= My Love, My Love =

Popular song published in 1953

"My Love, My Love" is a popular song. It was composed by Nicholas Acquaviva with lyrics by Bob Haymes and published in 1953.

== Versions ==

The biggest hit version was done by Joni James and released in July, 1953 for MGM Records. It reached No. 8 in the Billboard charts. The song's composer, Nick Acquaviva, was the brother of conductor-composer Tony Acquaviva, who was married to James.

Bing Crosby recorded it for Decca Records on December 31, 1953 and it was also included on his LP Bing Sings the Hits.

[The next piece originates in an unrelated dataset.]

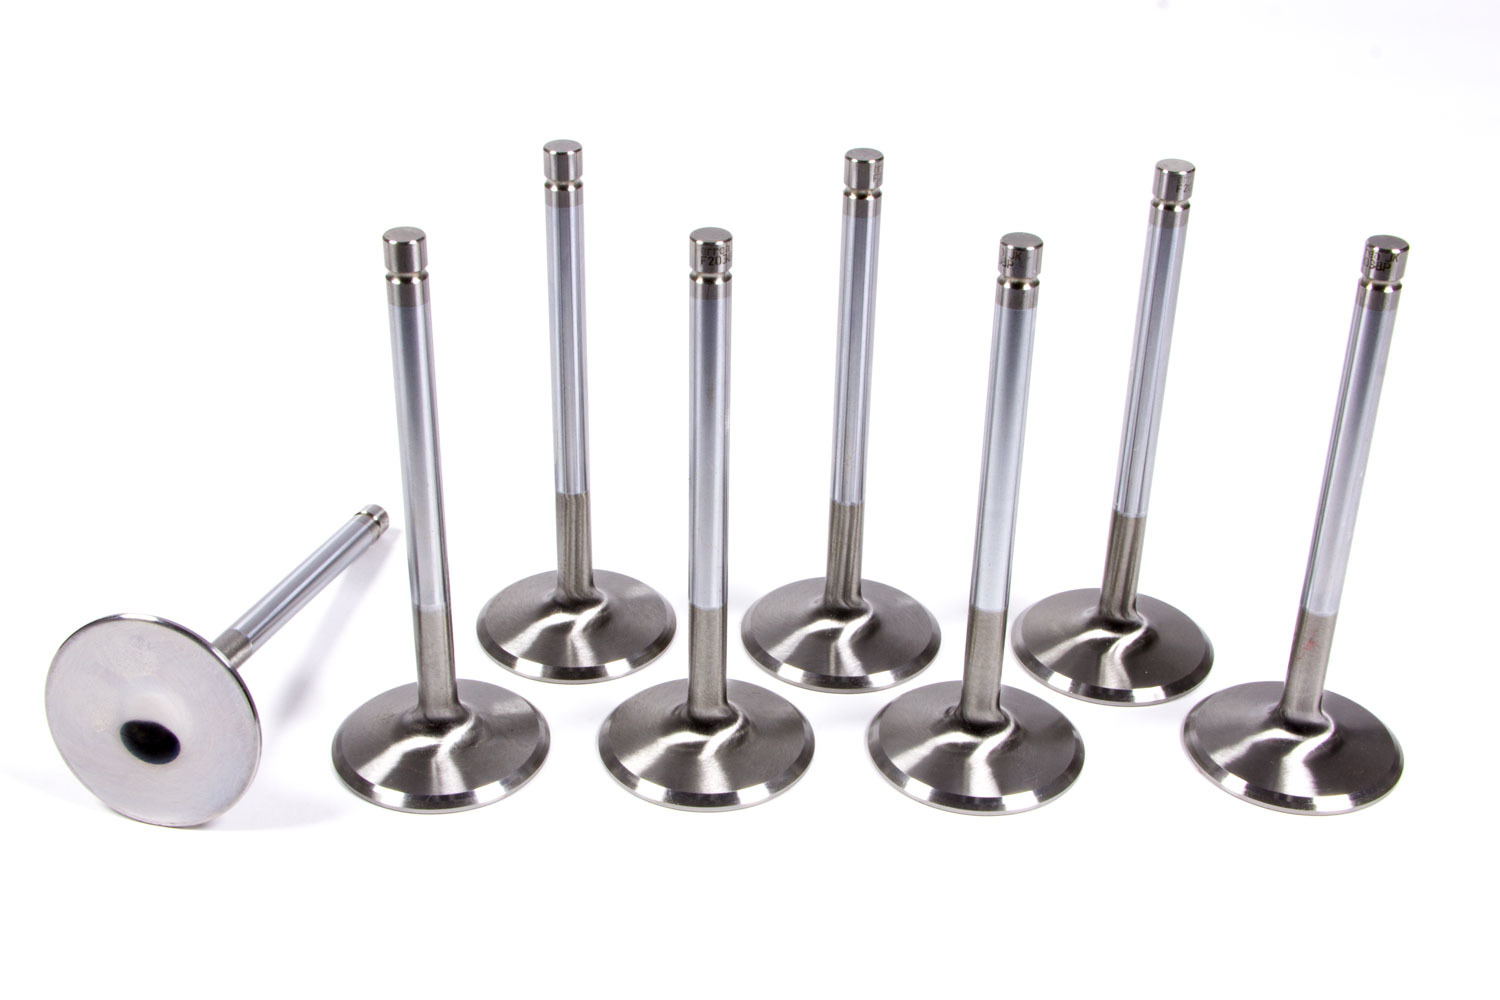 Ferrea Racing Components (F1062P-8) 2.190" Hollow Stem Intake Valve for Big Block Chevy

The song was also recorded in the United Kingdom by Alma Cogan the same year. Other recordings were by Connie Francis (recorded in 1960 and included on the album Songs to a Swinging Band (1961), and she also performed it on the Ed Sullivan Show. And included in the 1996 box set Kissin', Twistin', Goin' Where the Boys Are.) and by Julie London (released as a single in 1961). The American musical group of doo-wop style, The Duprees, issued a version as a single in 1968.

Alberto Semprini, on piano with rhythm accompaniment, recorded it in London on October 13, 1953 as the second melody of the medley "Dancing to the piano (No. 22) - Hit medley of waltzes" along with "Vaya con Dios" and "The Melba Waltz". The medley was released by EMI on the His Master's Voice label as catalog number B10592.